In a five-week span, McNabb has gone from being benched to being a playoff quarterback.
Of course he was bitter.
It's like reading your name in the obituaries and screaming loudly that you are far from dead -- yet nobody believes it.
"They've (critics) thrown me out, they ran me over, spit on me, but you know what, I just continue to prevail," McNabb said. "I just continue to keep my chin high."
Were it not for a strange and amazing turn of events Sunday, the Eagles would be heading to the offseason still being questioned, McNabb the leader of all of that.
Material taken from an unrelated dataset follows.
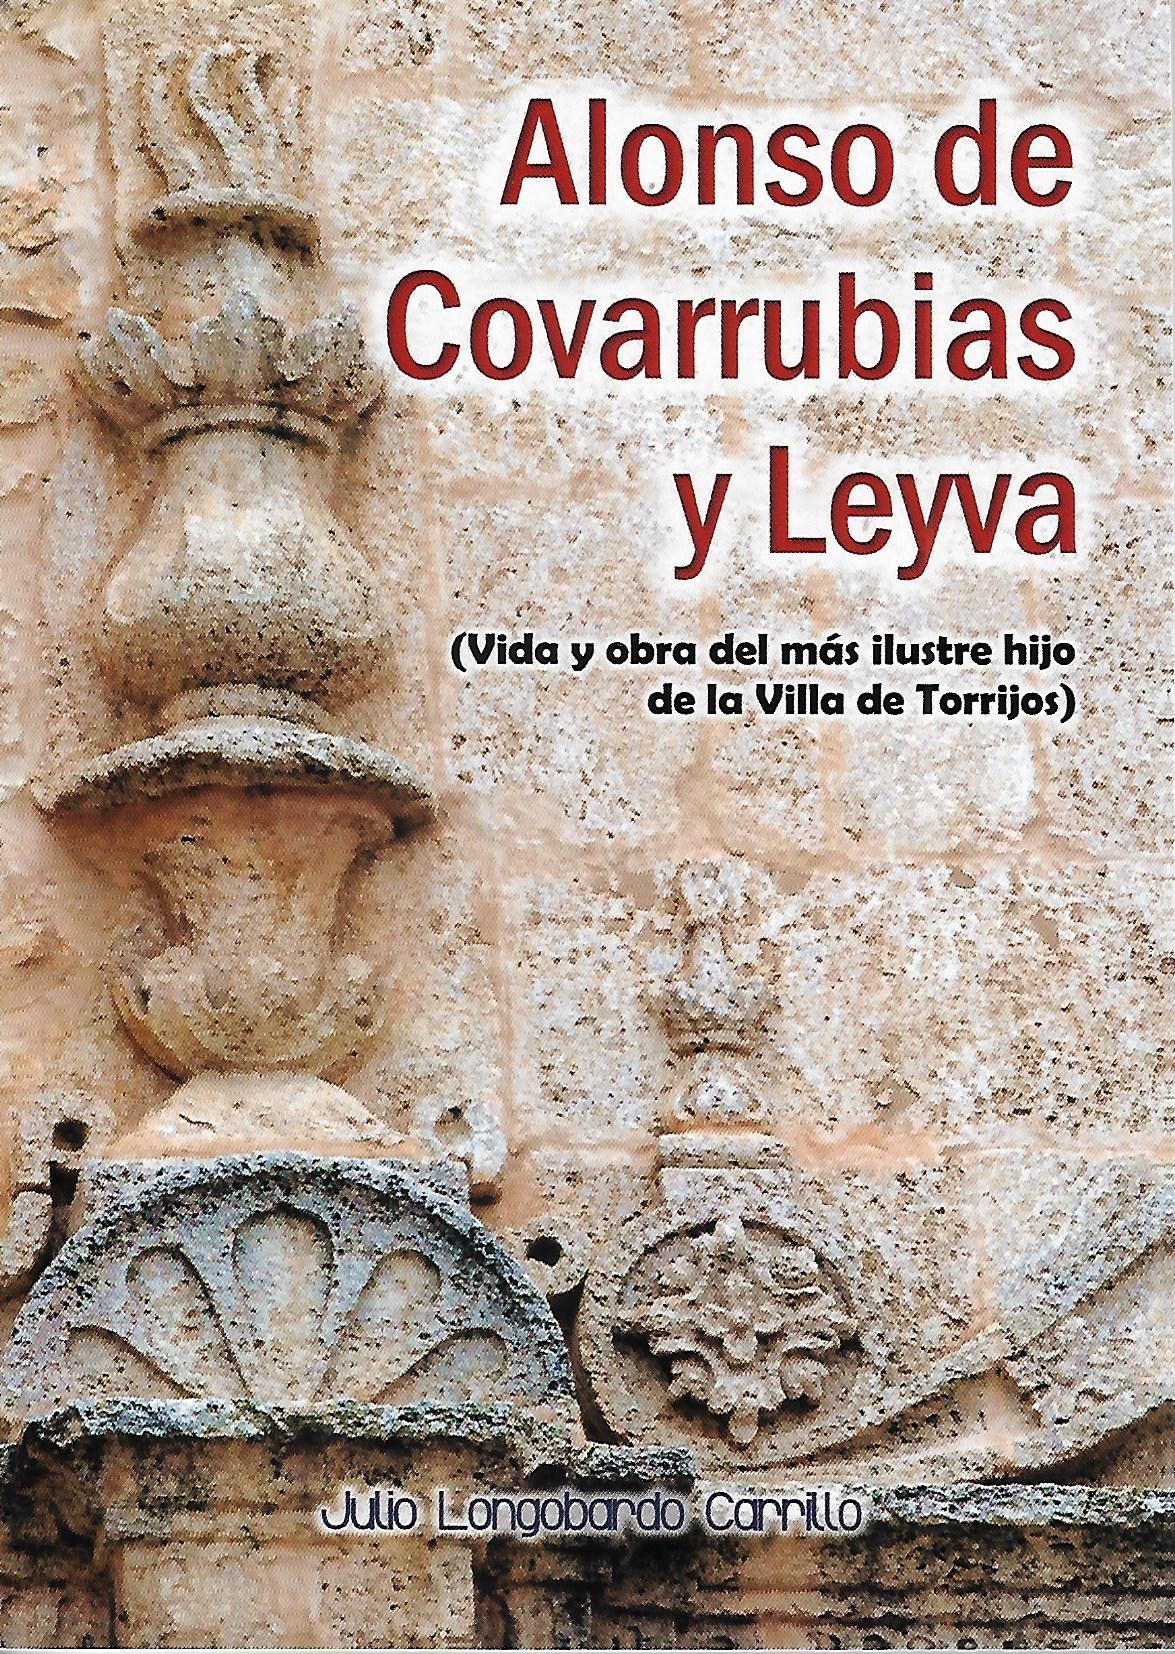 Alonso de Covarrubias y Leyva

The Eagles needed the Tampa Bay Buccaneers to lose to the Oakland Raiders at home and the Chicago Bears to lose to the Houston Texans to have a chance to make the playoffs.
When they both happened before kickoff of the Eagles-Cowboys game, the Eagles took the field and played with a fury to earn their way into the postseason tournament. As the sixth seed, they will play the Minnesota Vikings next Sunday in Minneapolis.
"I'm going to A.C. (Atlantic City) to put a lot of money on black," guard Todd Herremans said. "The stars are aligned."